As beautiful and puzzling as the sphinx itself, “The Riddle of the Sphinx” is a divisive episode that may split the audience, but will leave people talking about it. Featuring the return of a fan-favorite character while omitting a few mainstays, some threads are connected while the whole cloth is pulled in different directions.  SPOILERS follow, so tread no further if you are not yet prepared.  If you need a refresher on what happened last week, point your browser here.

“If you aim to cheat the Devil, you owe him an offering.”

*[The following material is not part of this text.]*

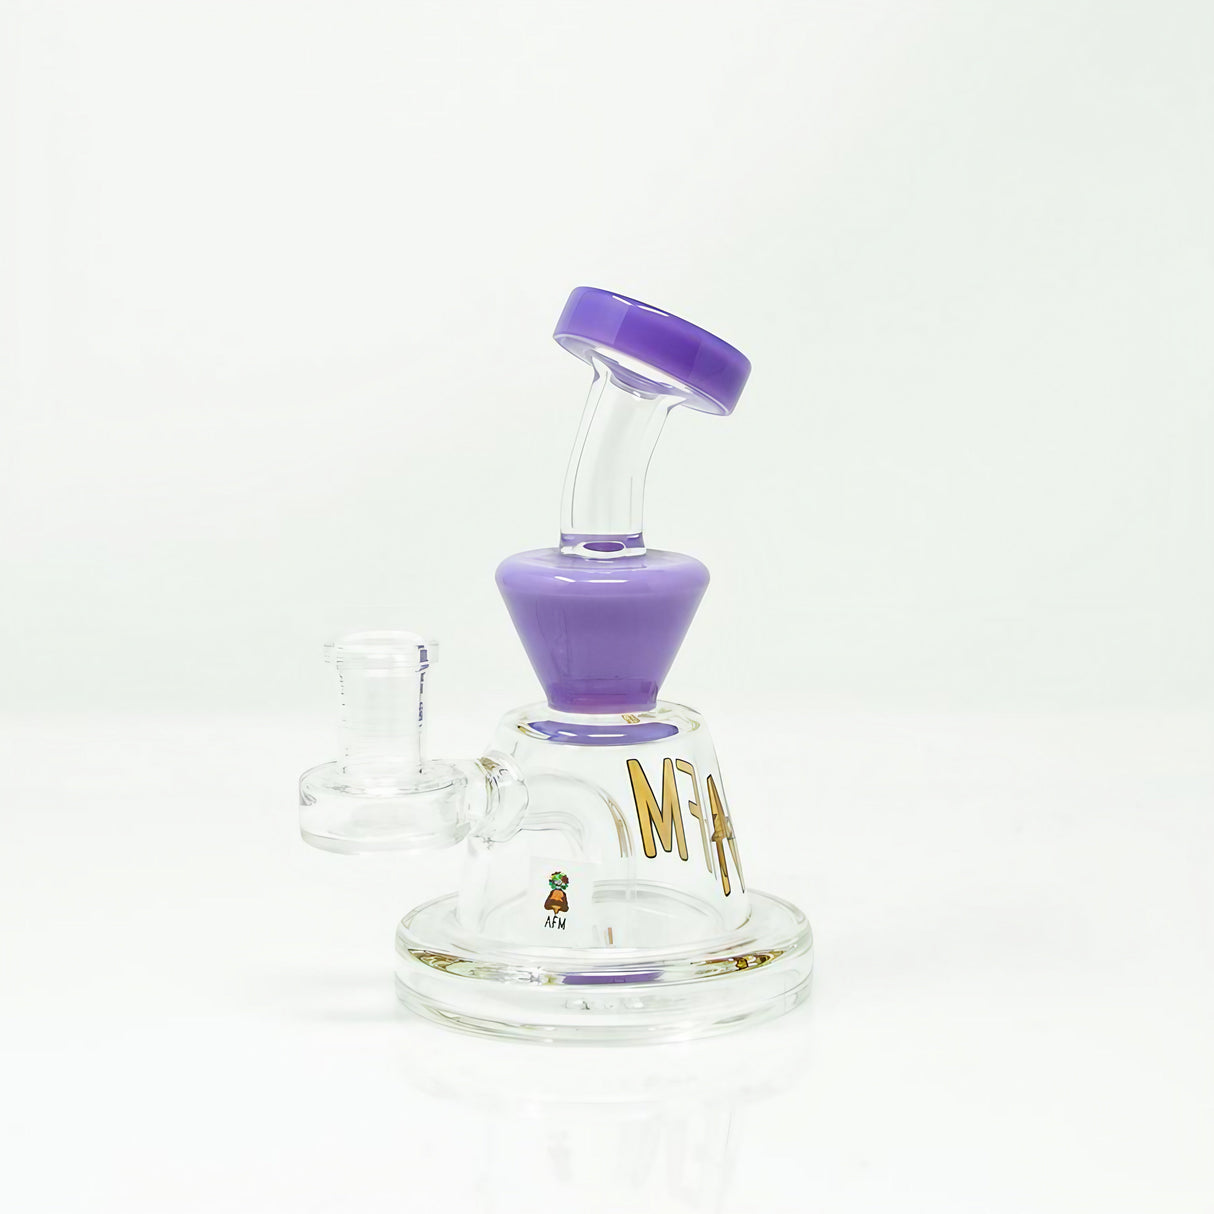 AFM Mini Rig in Purple - 5.5" Compact Borosilicate Glass Dab Rig with Percolator, Front View

Peter Mullan as James Delos in Westworld

The Rolling Stones song “Play with Fire” opens the episode, but instead we’re asked if we can find sympathy for the devil as we pan around (and around) a stylish, circular little living space that turns out to be the apartment/cell of James Delos (magnificently played by Peter Mullan).  Delos finds out that he has died, and his consciousness is now in a host (“If you can’t tell, does it matter?”).  It turns out the reason William was able to convince Delos to back Westworld financially was so that he could try to achieve immortality.  Delos wanted to be able to “live on” as a host.  There’s a problem, though.  His mind, unable to accept reality, can’t effectively bond with his new body, and quickly deteriorates.  Each new version of the host is destroyed (along, for some reason, with everything else in the apartment).  After years and 149 attempts, William tells Delos that the process won’t work (never mind that the monitoring tech later says Delos was stable until William walked in) and that he thinks it’s meant to be.  Man, or at least some men, aren’t meant to live forever.  He tells Delos that his wife, son, and daughter are all dead, then leaves him to rot in his glass cell.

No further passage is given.